**Exercise data**
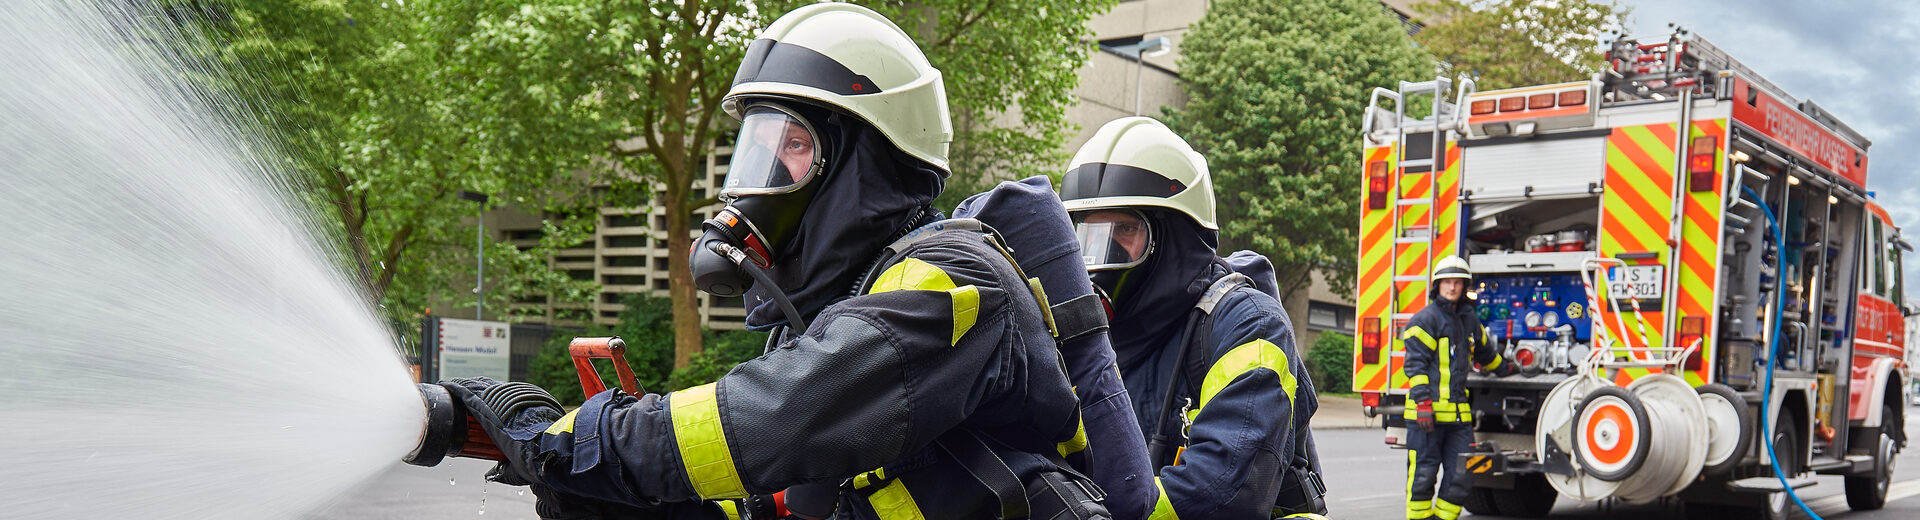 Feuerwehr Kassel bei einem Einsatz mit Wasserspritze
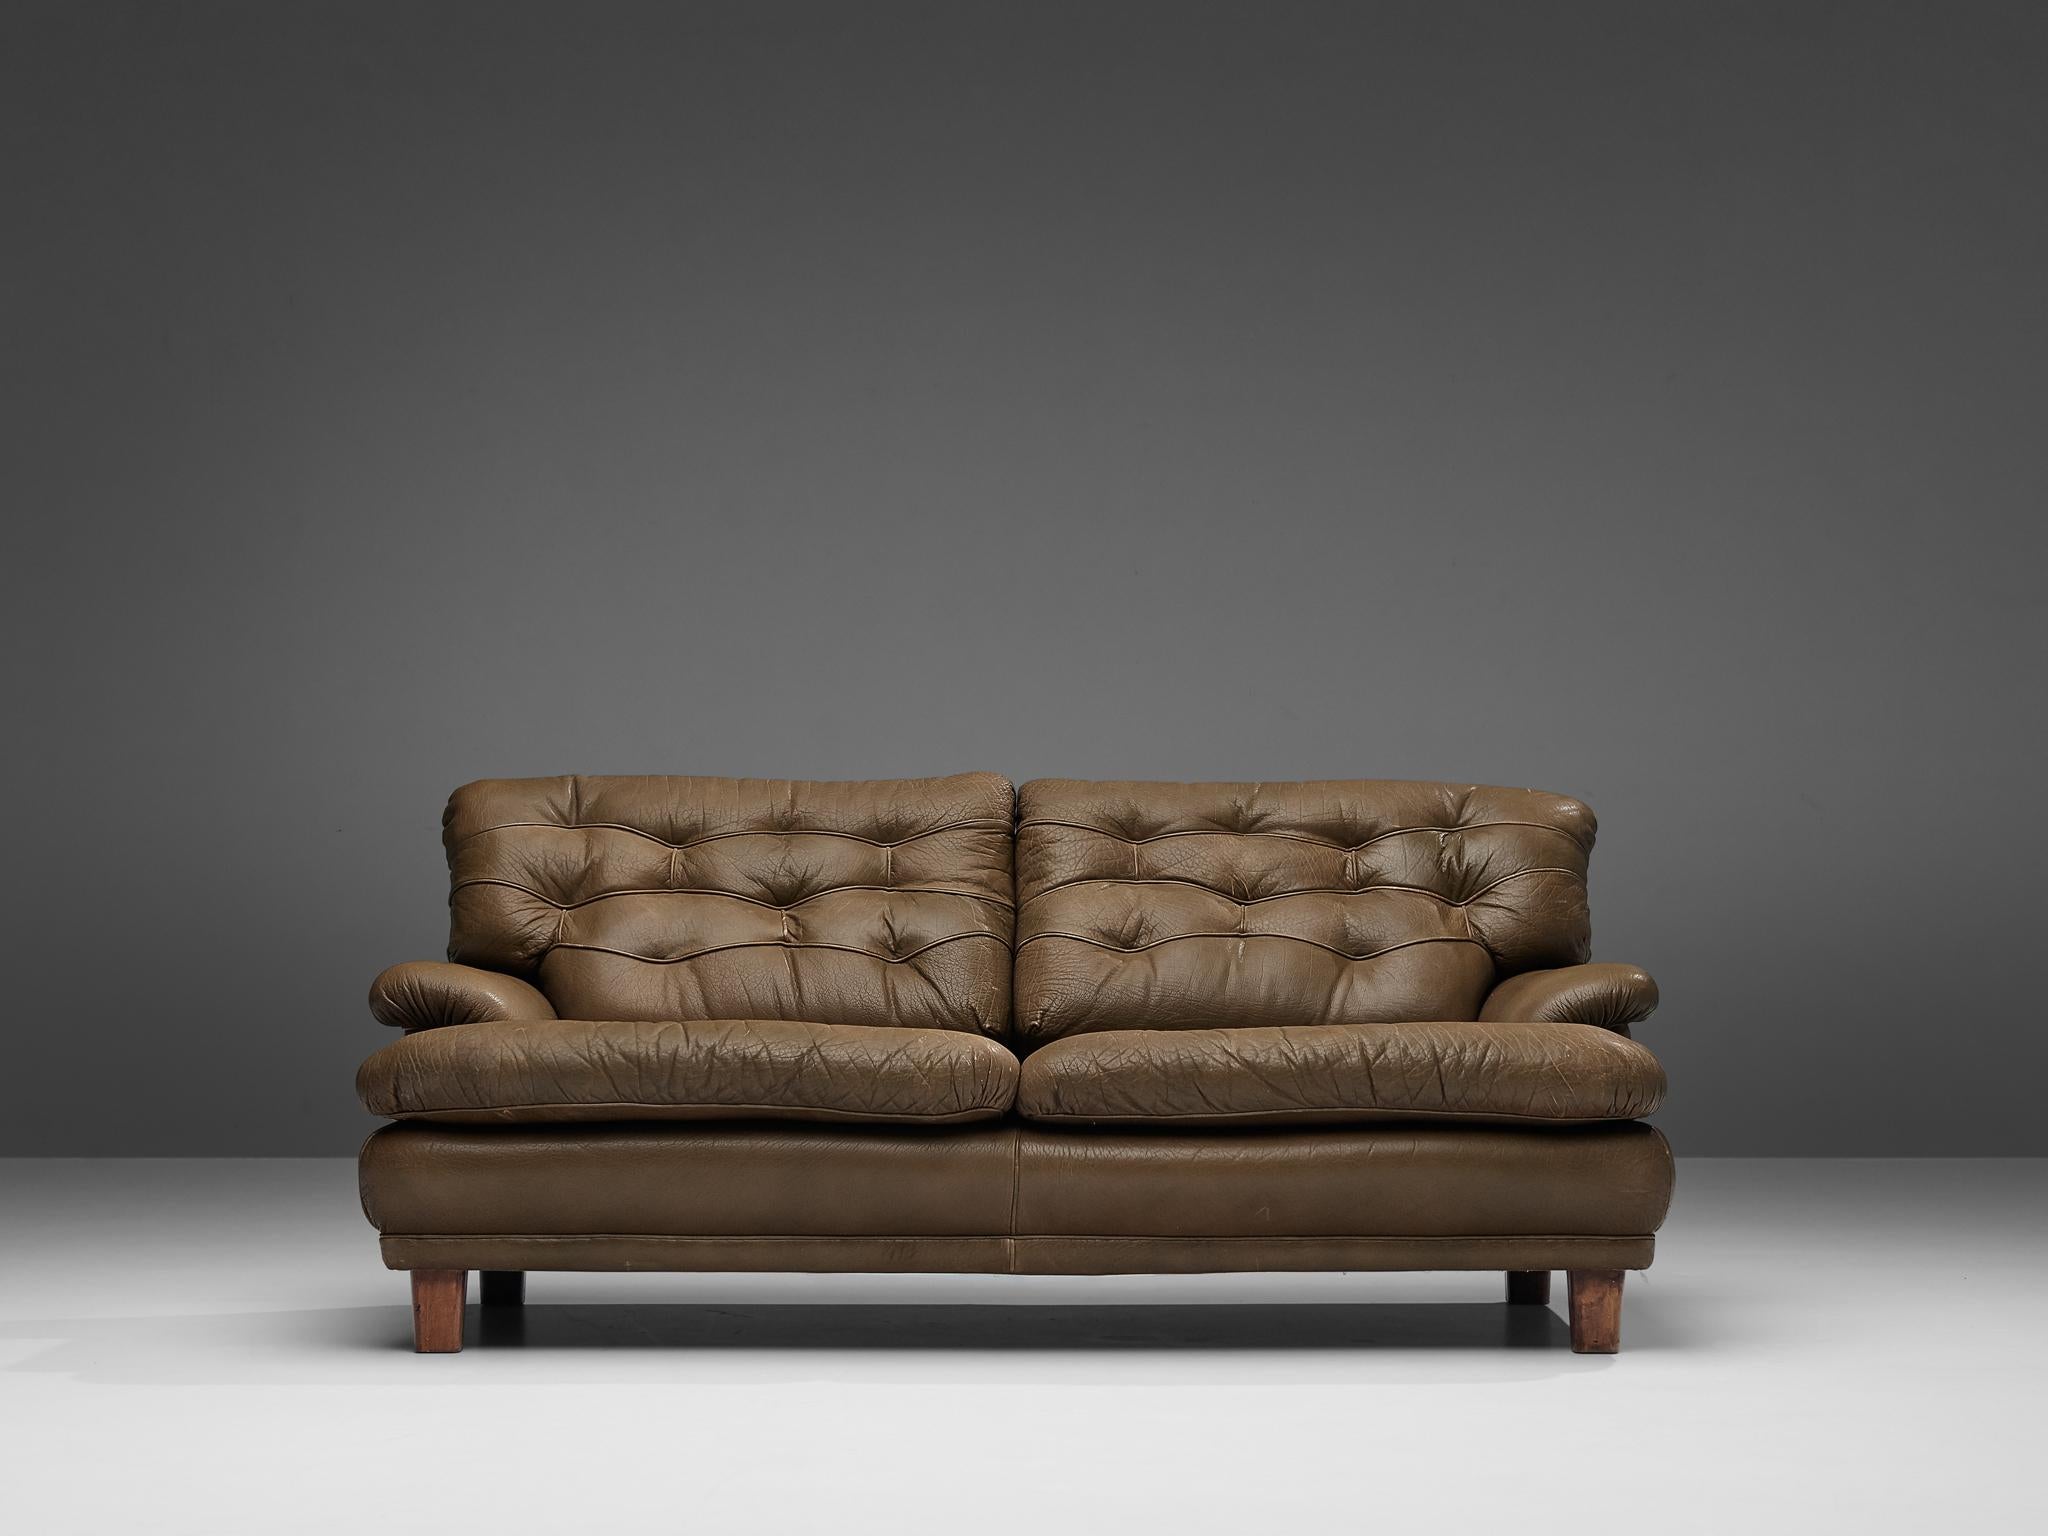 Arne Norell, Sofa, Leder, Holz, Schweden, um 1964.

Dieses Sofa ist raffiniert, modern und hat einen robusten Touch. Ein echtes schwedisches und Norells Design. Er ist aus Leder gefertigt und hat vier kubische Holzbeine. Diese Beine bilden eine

--

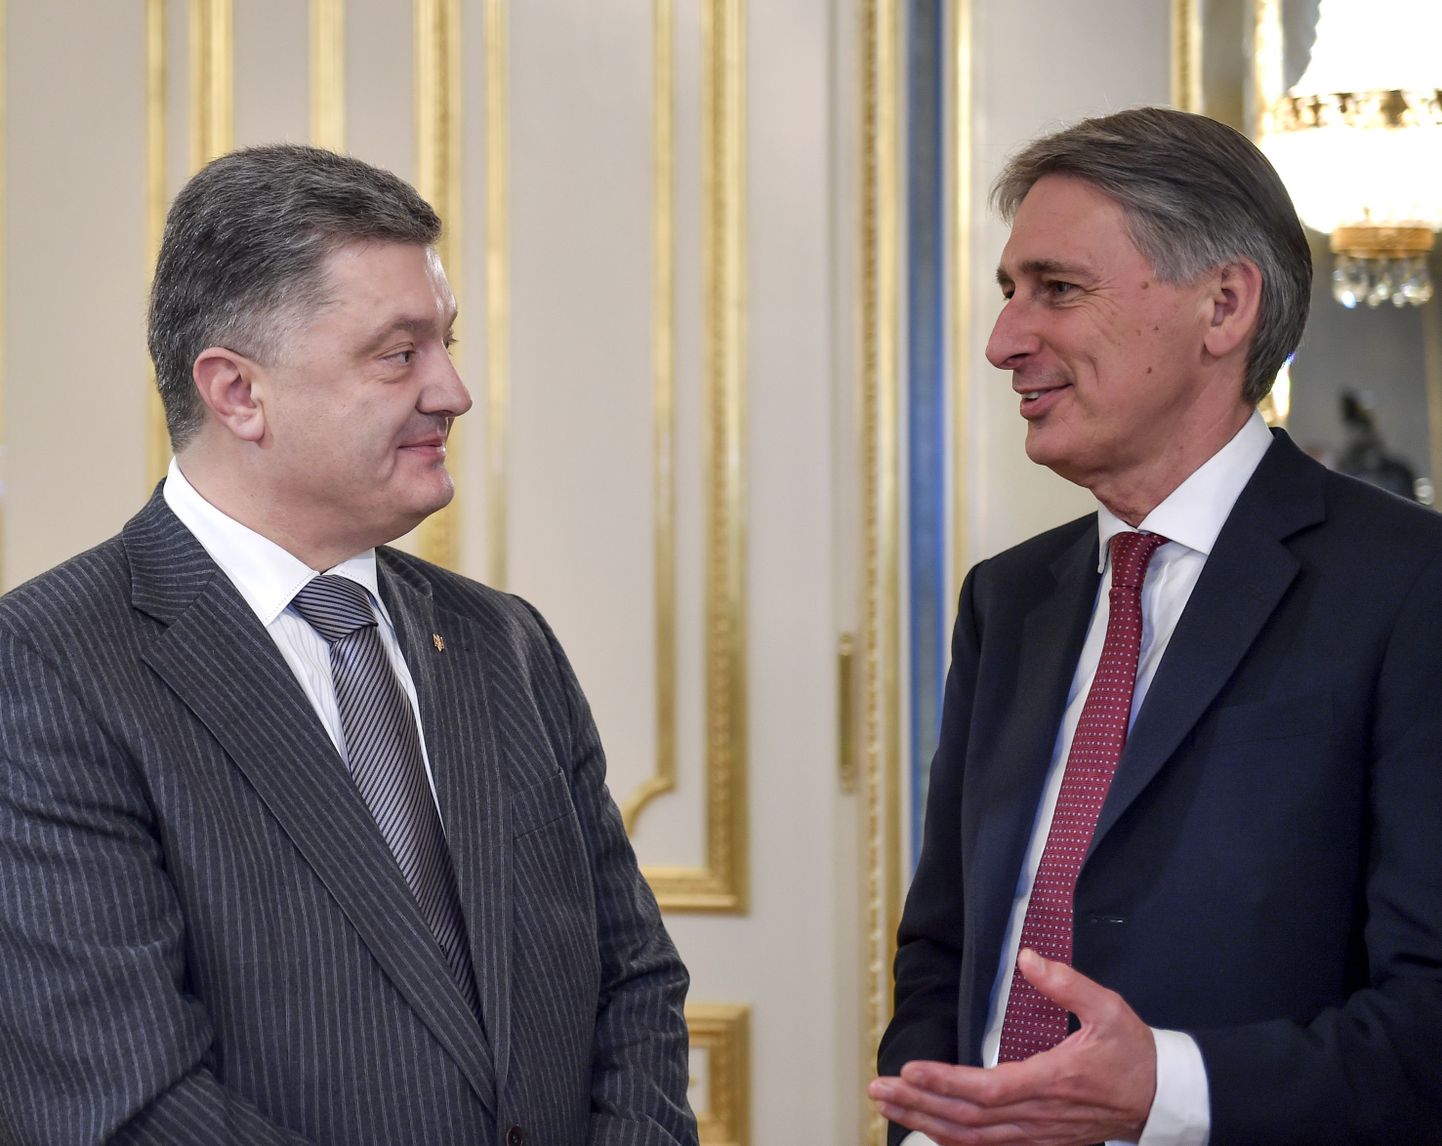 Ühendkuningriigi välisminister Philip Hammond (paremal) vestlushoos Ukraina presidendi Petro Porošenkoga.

**Action item**
Look above for the line containing "Feuerwehr Kassel bei" and the line containing "Dieses Sofa ist", then reproduce both and everything between them exactly, pictures omitted.

**Task response**
 Feuerwehr Kassel bei einem Einsatz mit Wasserspritze
 Arne Norell, Sofa, Leder, Holz, Schweden, um 1964.

Dieses Sofa ist raffiniert, modern und hat einen robusten Touch. Ein echtes schwedisches und Norells Design. Er ist aus Leder gefertigt und hat vier kubische Holzbeine. Diese Beine bilden eine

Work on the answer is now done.